Some say that only the parts inside the cylindrical body controlling the airflow should be part of weight. Some include external attachments like electronics & sensor boxes, plumbing for air, fuel, oil, coolant.
Some say that whatever engine company delivers, in or out of engine body, is part of weight.
The above 3 logic gives 3 different engine weights.
Different engines have different Afterburner capabilities. People usually consider wet thrust to be roughly 50% of 100% dry thrust, but it can range from 30%-72%. If F-22 dry/wet thrust is considered 116/156 KN then that's just 34% more, it is among the lowest
. F-111B's TF-30-P-3, F110-GE-129 & 132 (used on Kaan, F-15/16), RD-93(MiG-29, JF-17) are among highest, produce 71-72% wet thrust.
Dry T/W ratio - MiG-25's R-15B-300 has T/W=3.06; F-22's F119 has 6.67; F-35's F135 has 7.67;
Wet T/W ratio - SEPECAT Jaguar's RRTA-MK2 T/W=4.09; F-22 has 8.97; F-35's F135 has 11.45;
NOTE- Above data for F-22 & F-35 considers their engines F119 to be 1.7 tons reported earlier, but now online data has changed to 2.2 tons for F119 & 2.9 tons for F-135 which will reduce their T/W ratio values.
Dry T/W ratio - F-22's F119 = 5.2; F-35's F135 = 4.47
Wet T/W ratio - F-22's F119 = 7; F-35's F-135 = 6.69
So it becomes difficult to compare engines only by their T/W ratio.
Like i mentioned earlier, the internal makeup of engine parts decide max dry & wet thrust.
NOTE-1 - Speed of air at engine fan intake has to be high sub-sonic.
NOTE 2 - Engine intake diameter can be limitedly increased to increase by-pass ratio. The rotaional speed has to be decreased so that fan-tip's tangential velocity is not supersonic.
NOTE-3 - Bypass air also contributes to thrust significantly, in fact, more than core air. It is not just for fuel-economy. But a military engine obviously cannot have high bypass ratio highly increasing the size of engine itself. plus it may require additional 3rd spool or geared turbofan, adding to weight.
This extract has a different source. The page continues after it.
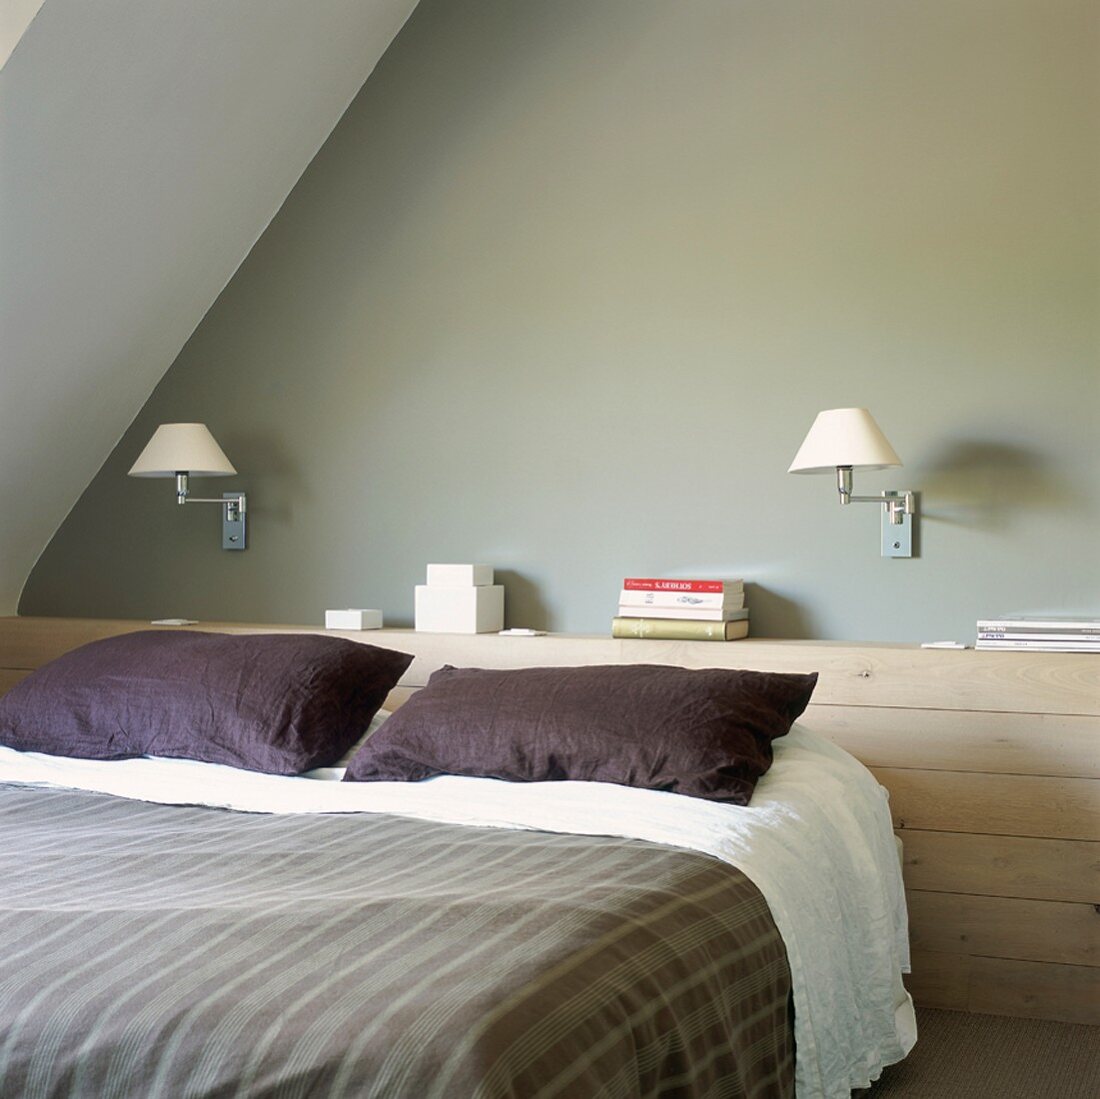 Ein holzvertäfelter Wandvorsprung dient am Kopfteil des Bettes als Ablagefläche
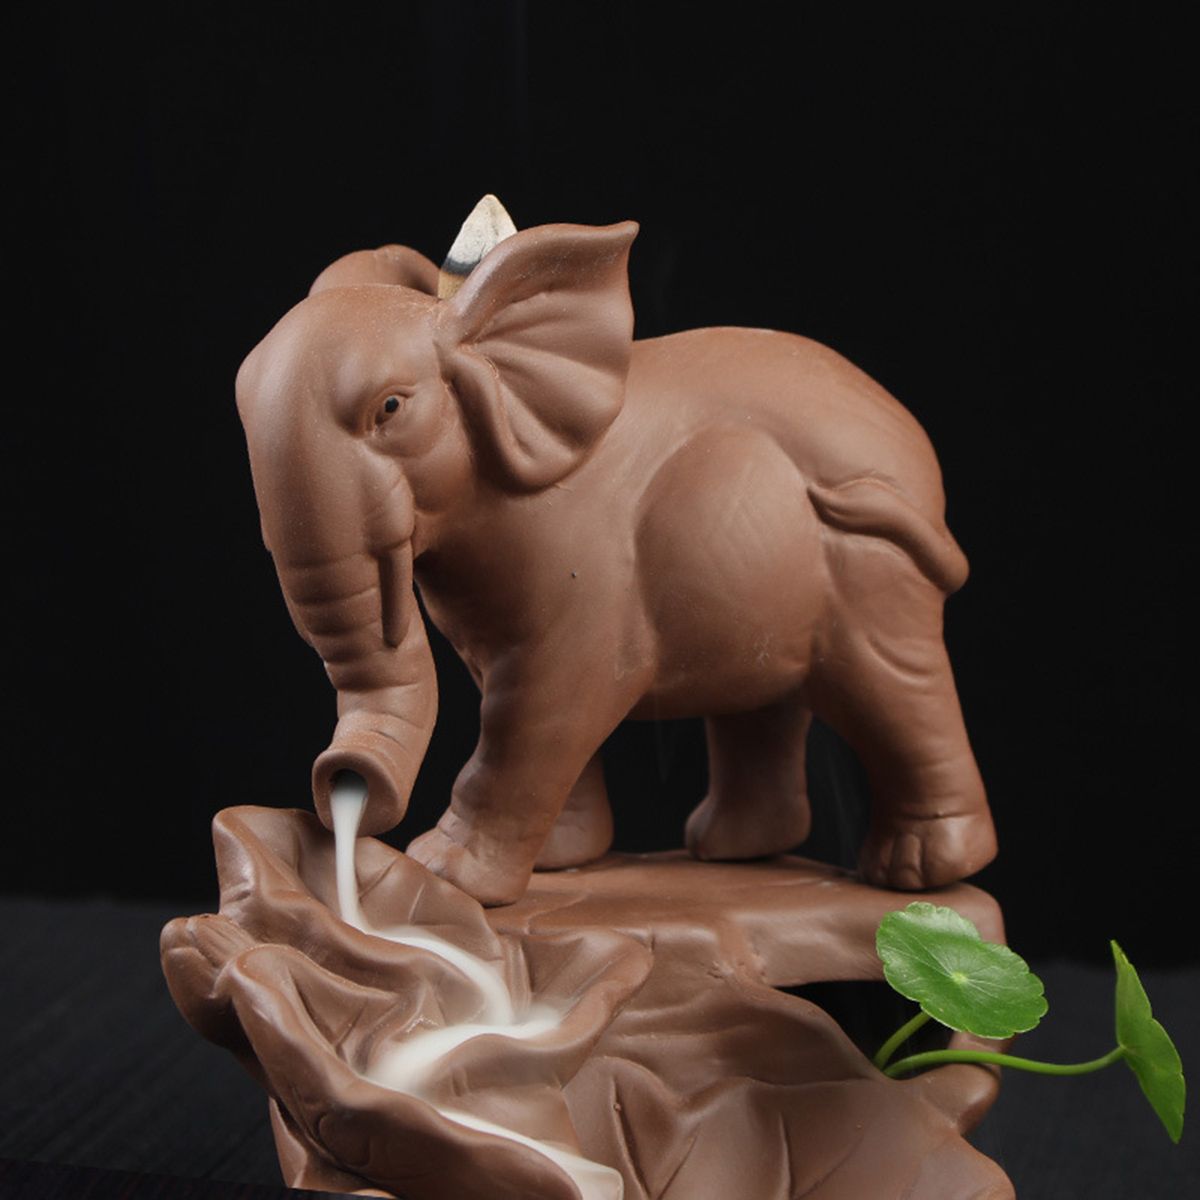 Elephant-Backflow-Incense-Burner-Holder-Censer-Ceramic-Home-Decorations-1479056

NOTE-4 - Above 3 points means there will be a fixed upper limit on cylindrical volume of air entering the engine & the designer has to compress it max, heat it max & push it out as fast as possible, along with some bypass air.
In the end it is the airframe performance which matters. Total thrust / Airframe weight ratio matters more.